▶ Supplied data
-=-=-=-=-

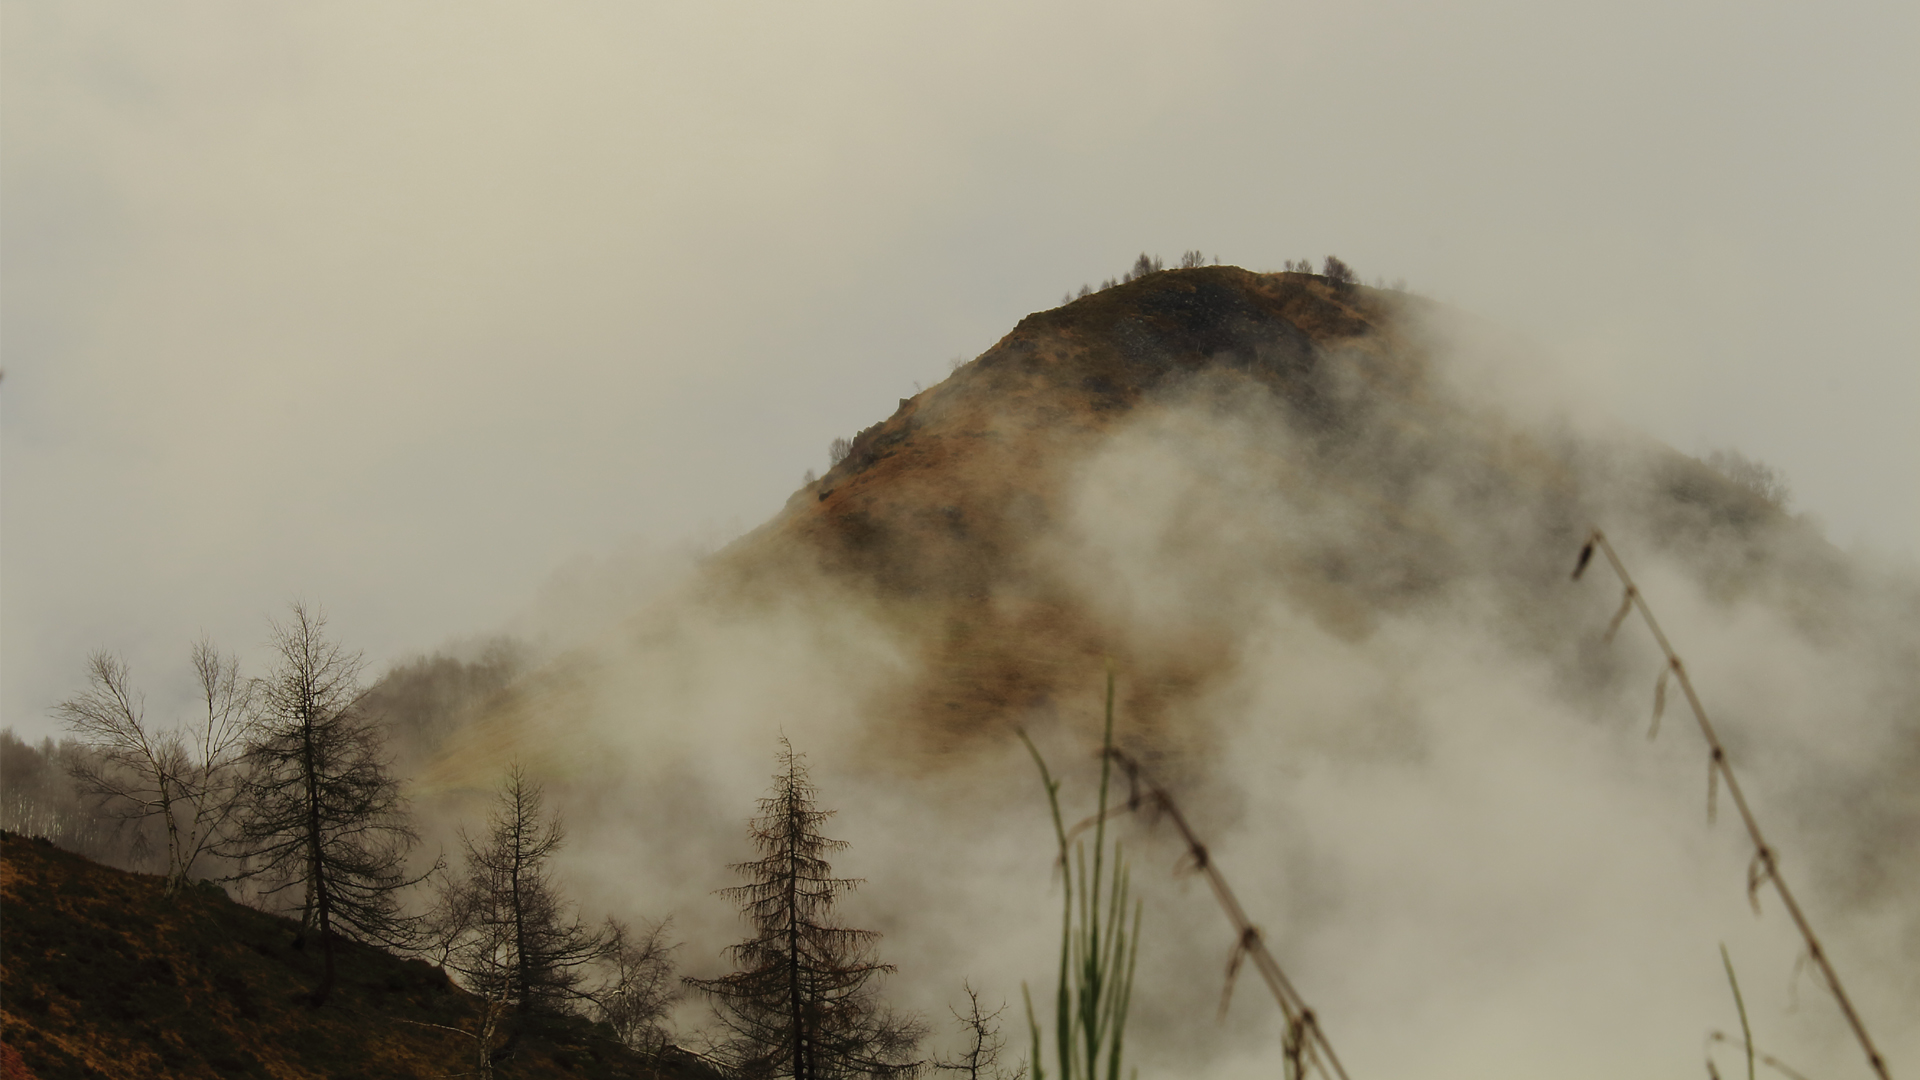 The hill behind the fog di Stefano Trabucco
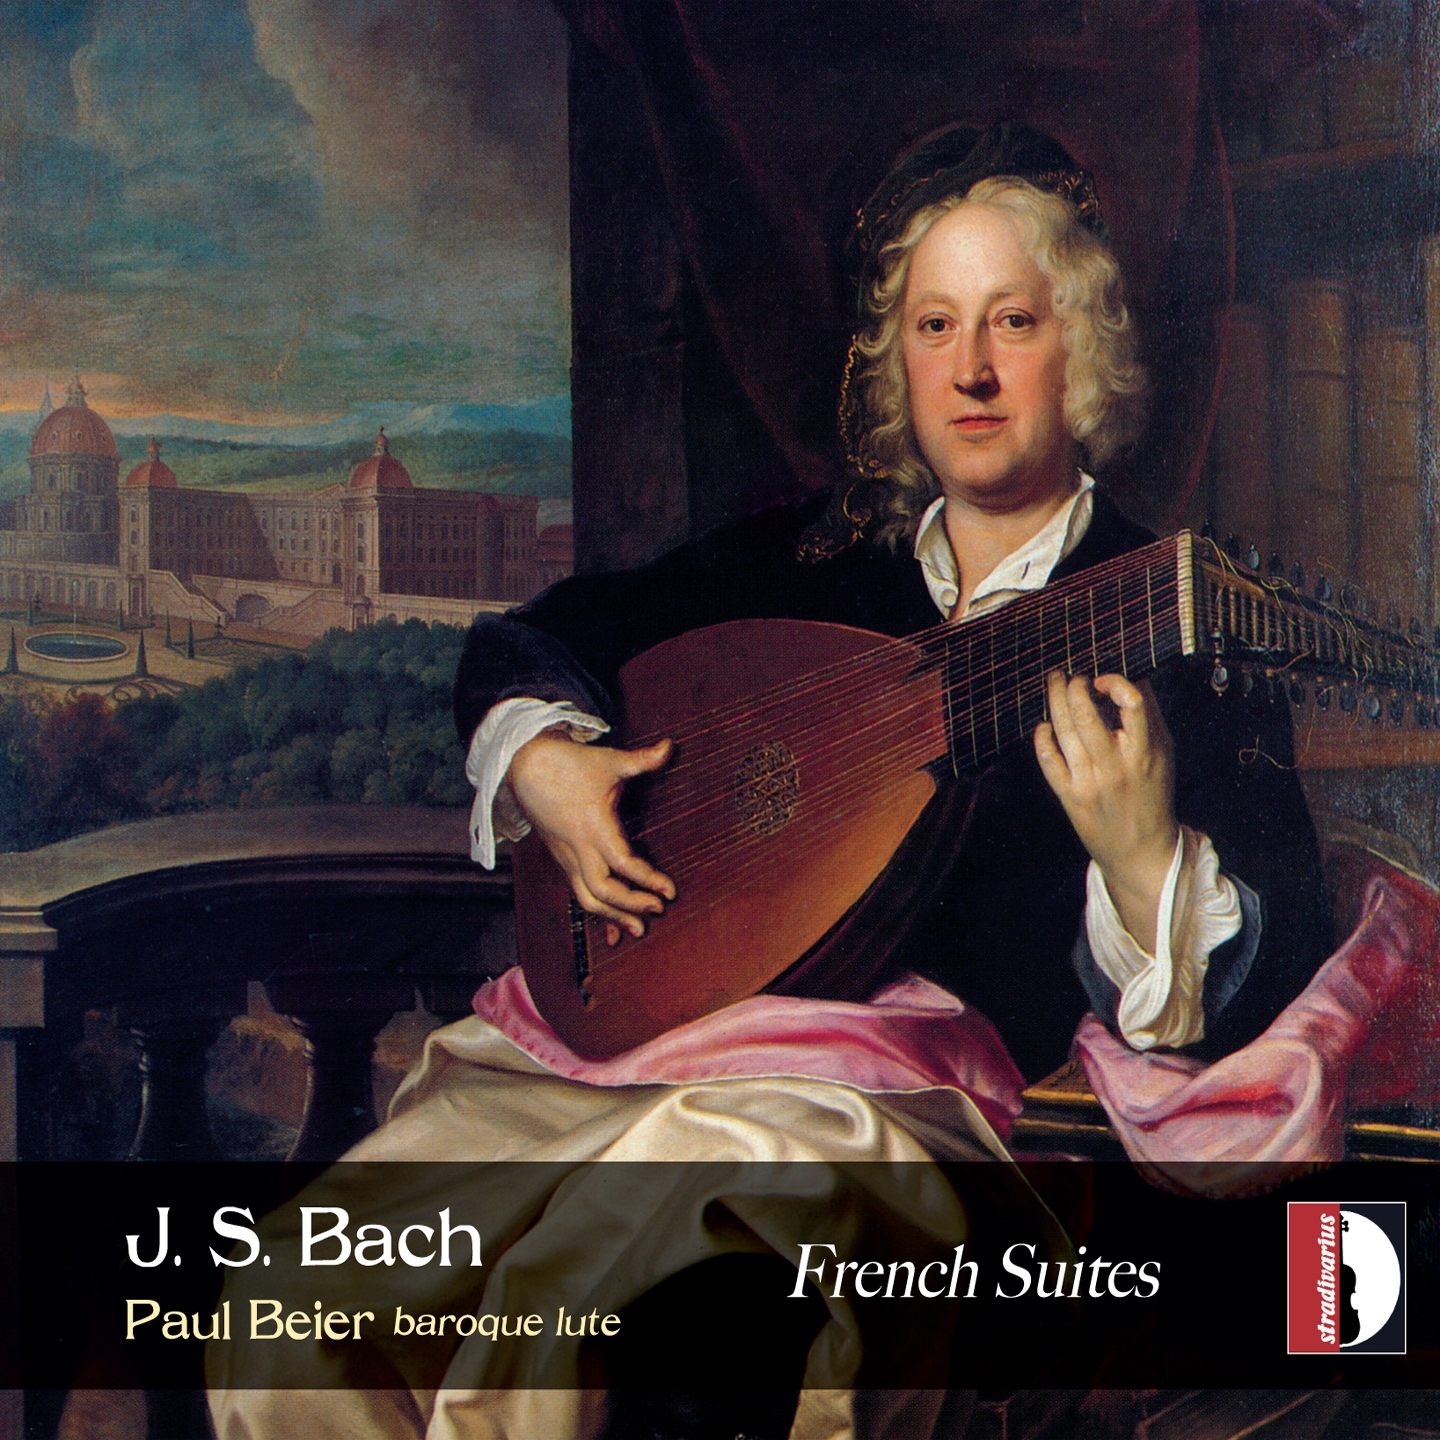 6 French Suites, No. 4 in D Major, BWV 815: IV. Sarabande (Transcription for Lute)
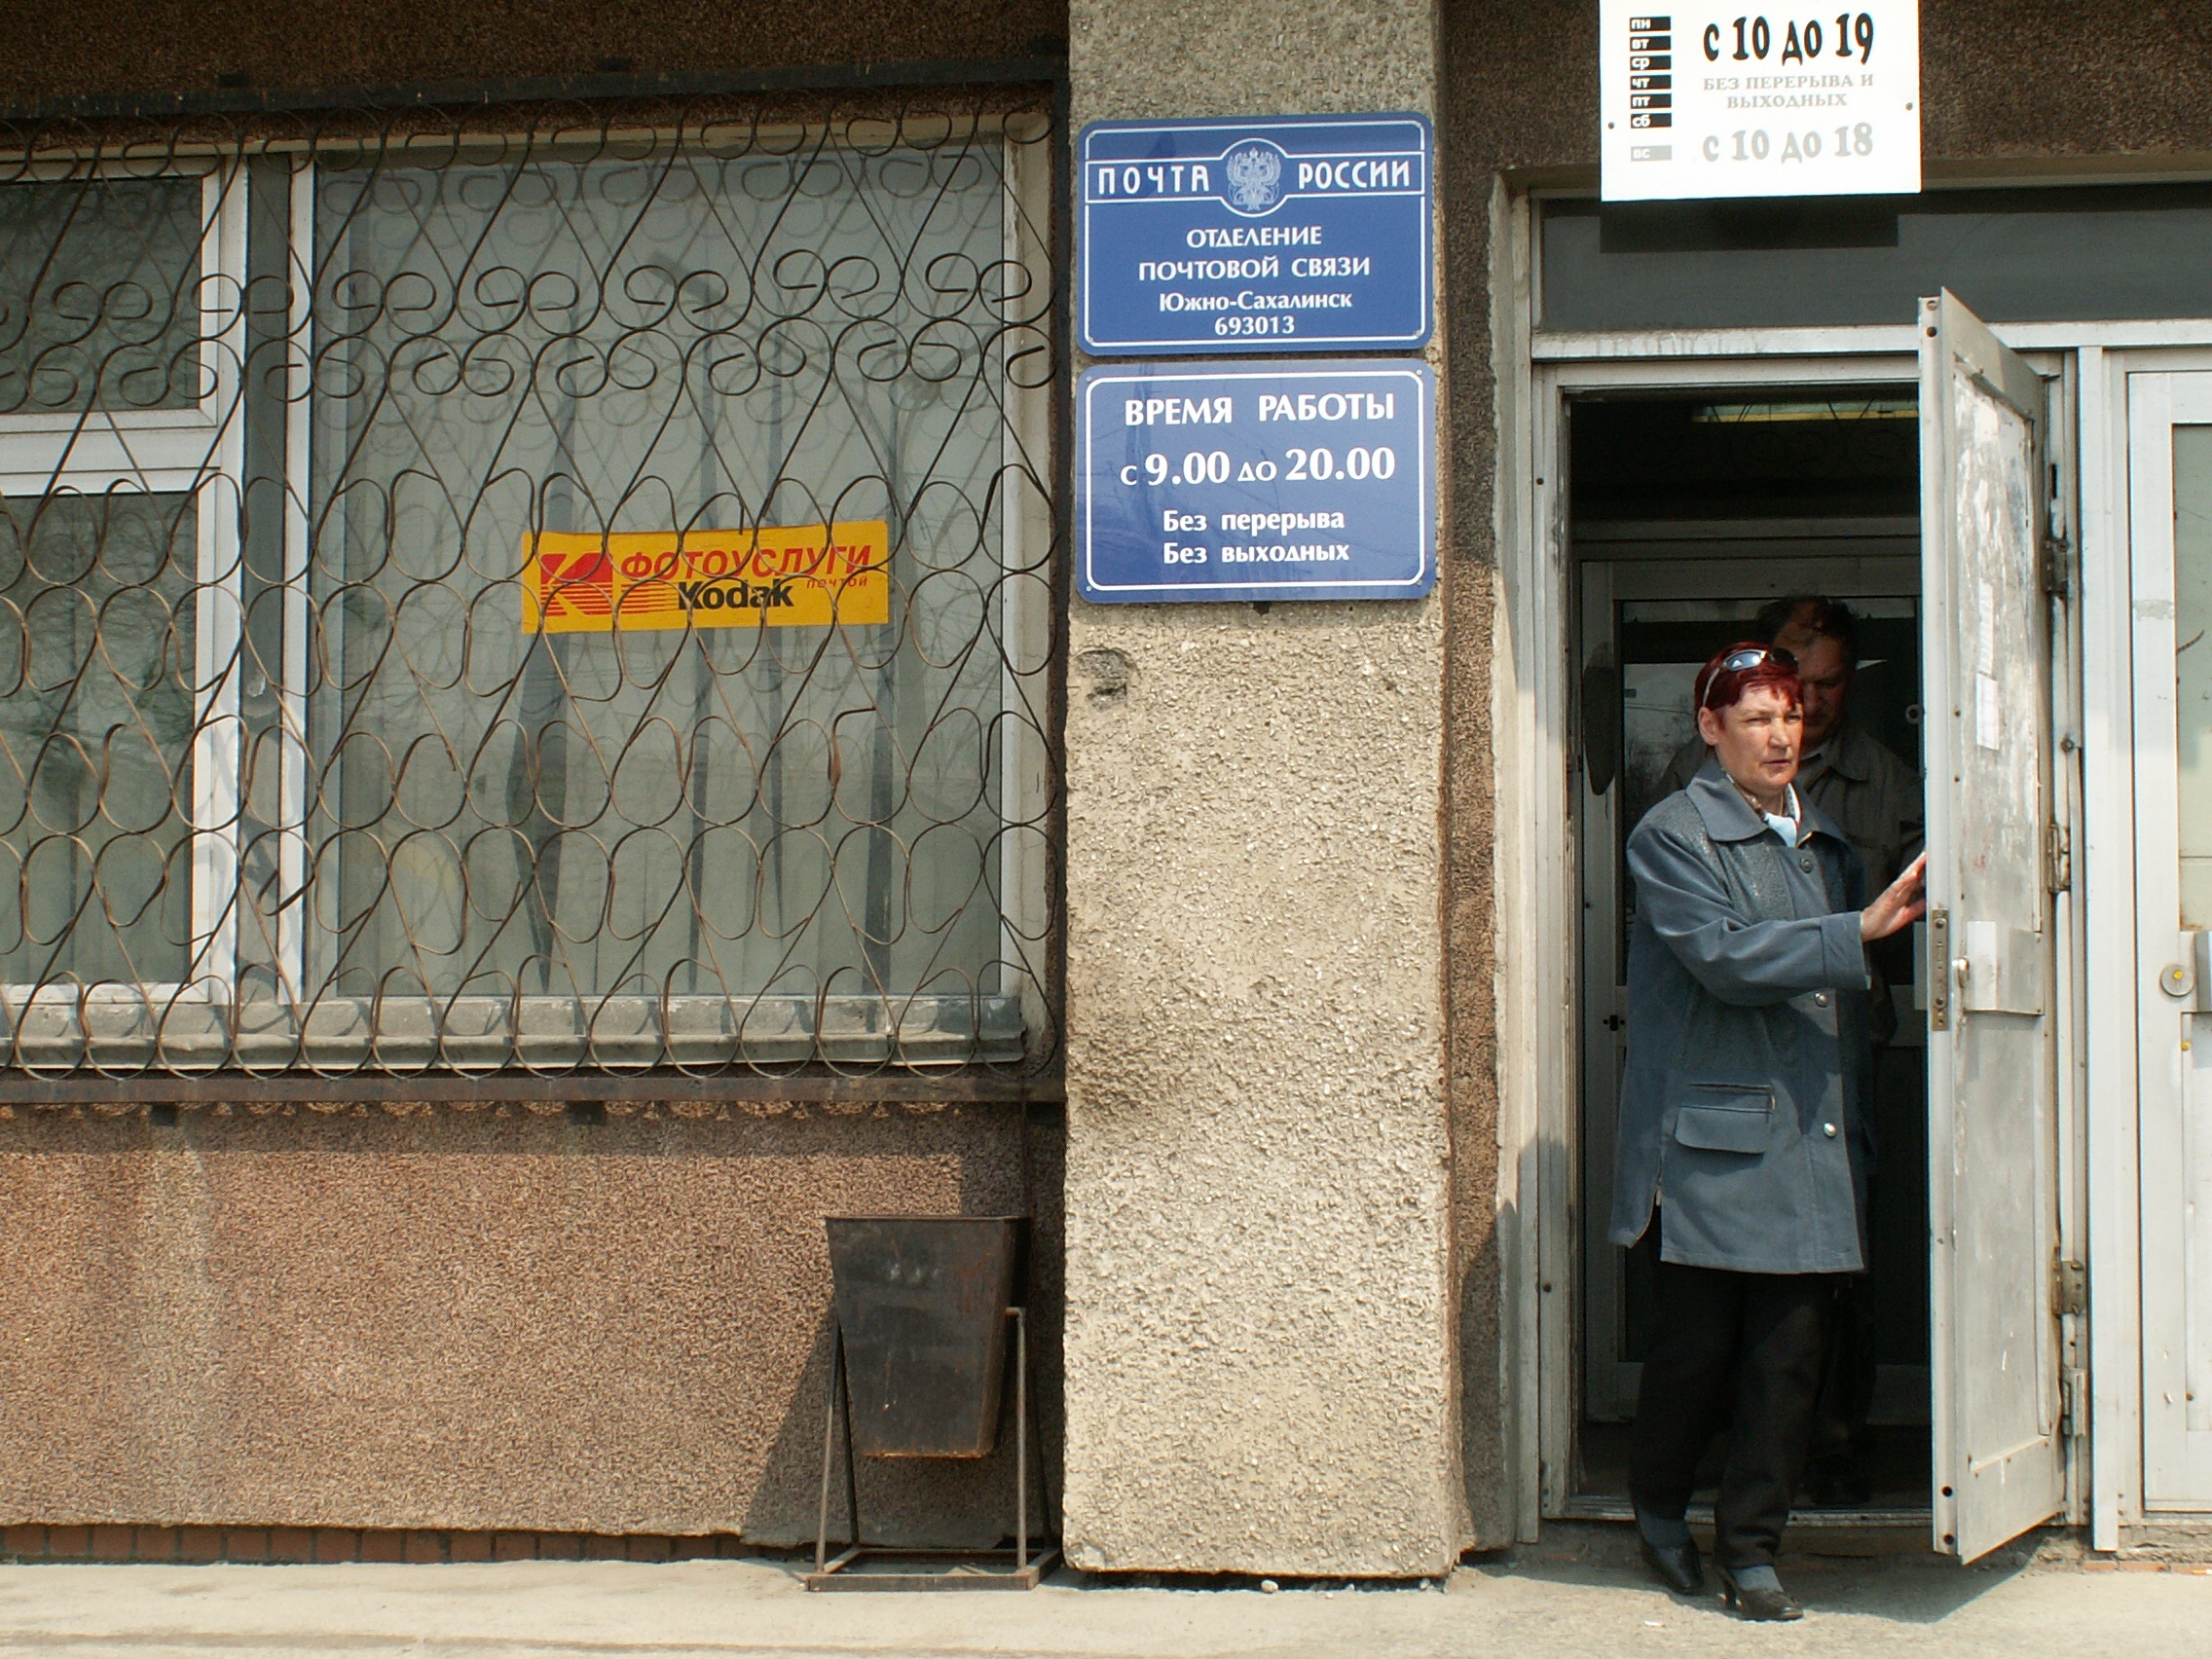 ВХОД, отделение почтовой связи 693013, Сахалинская обл., Южно-Сахалинск

-=-=-=-=-

▶ Your task
Please repeat each line above exactly as it appears, but omit the pictures.

▶ Exercise solution
 The hill behind the fog di Stefano Trabucco
 6 French Suites, No. 4 in D Major, BWV 815: IV. Sarabande (Transcription for Lute)
 ВХОД, отделение почтовой связи 693013, Сахалинская обл., Южно-Сахалинск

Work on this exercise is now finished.